** MATERIAL PROVIDED **
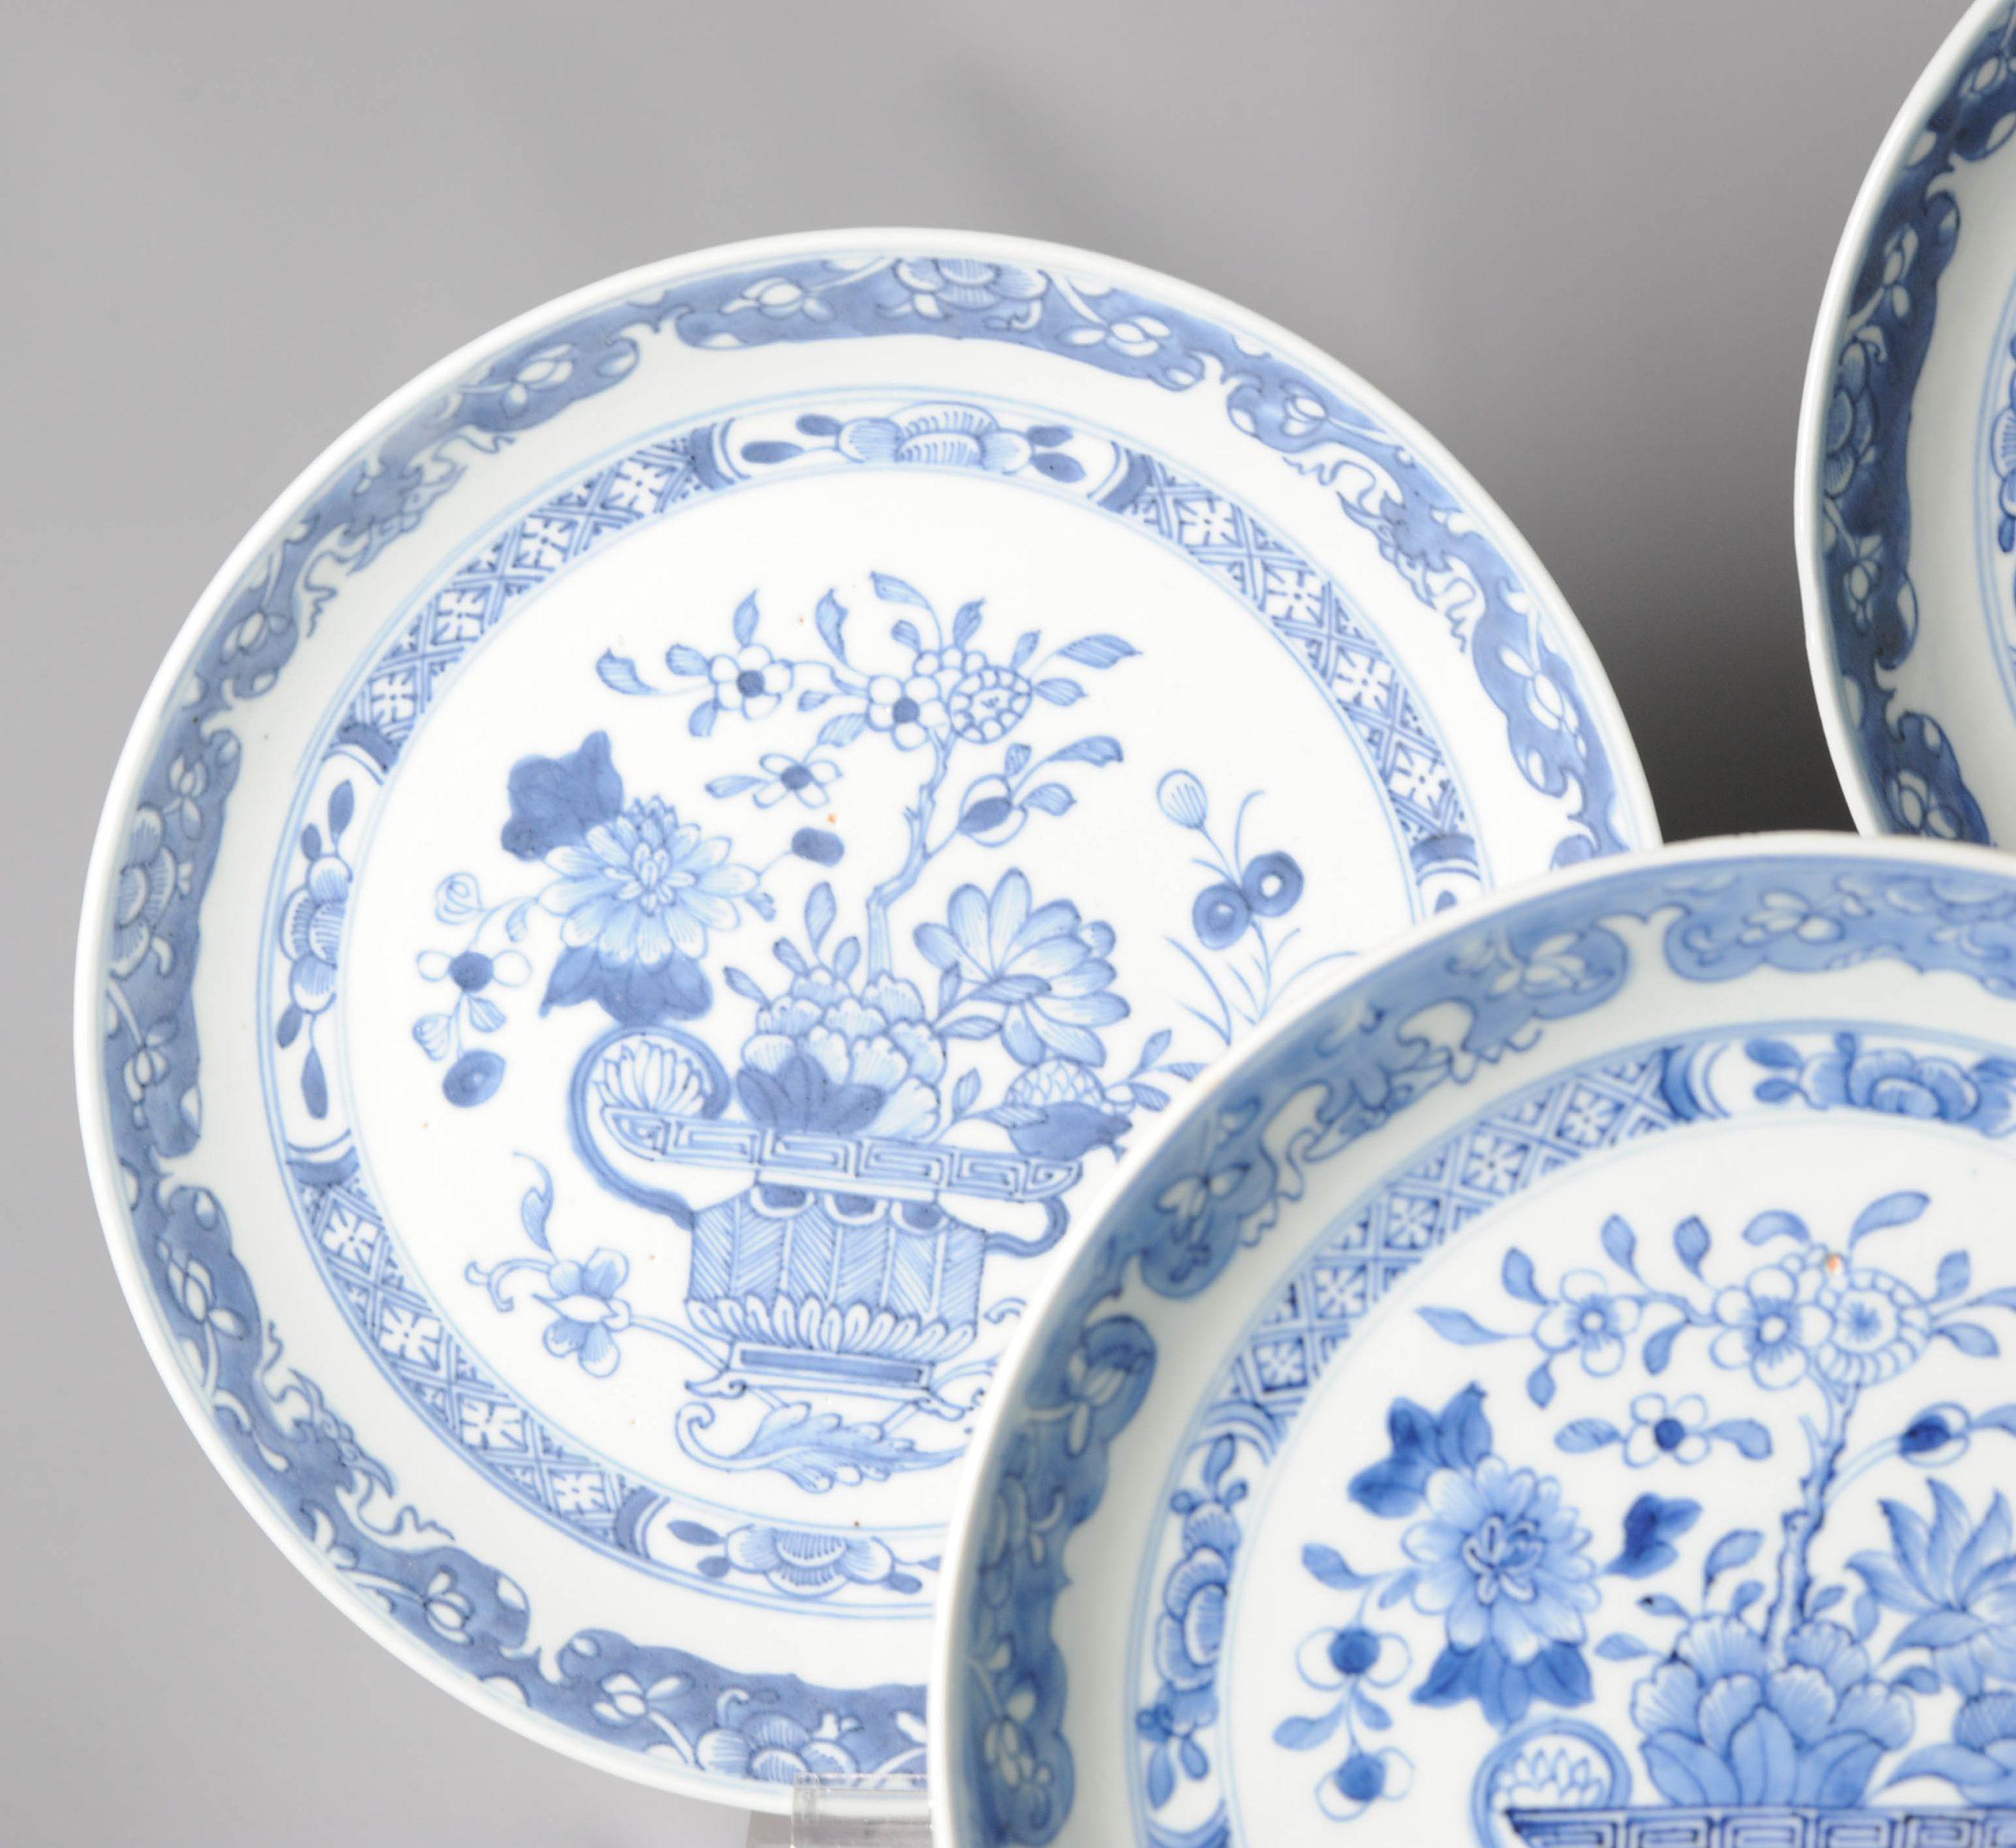 A very nicely decorated Set of 3 dishes in Blue and white with a lovely and high quality floral scene

Additional information:
Material: Porcelain & Pottery
Color: Blue & White
Region of Origin: China
Emperor: Kangxi (1661-1722), Yongzheng

** WHAT YOU HAVE TO DO **
Repeat the records above exactly, without pictures.

** EXPECTED OUTPUT **
 A very nicely decorated Set of 3 dishes in Blue and white with a lovely and high quality floral scene

Additional information:
Material: Porcelain & Pottery
Color: Blue & White
Region of Origin: China
Emperor: Kangxi (1661-1722), Yongzheng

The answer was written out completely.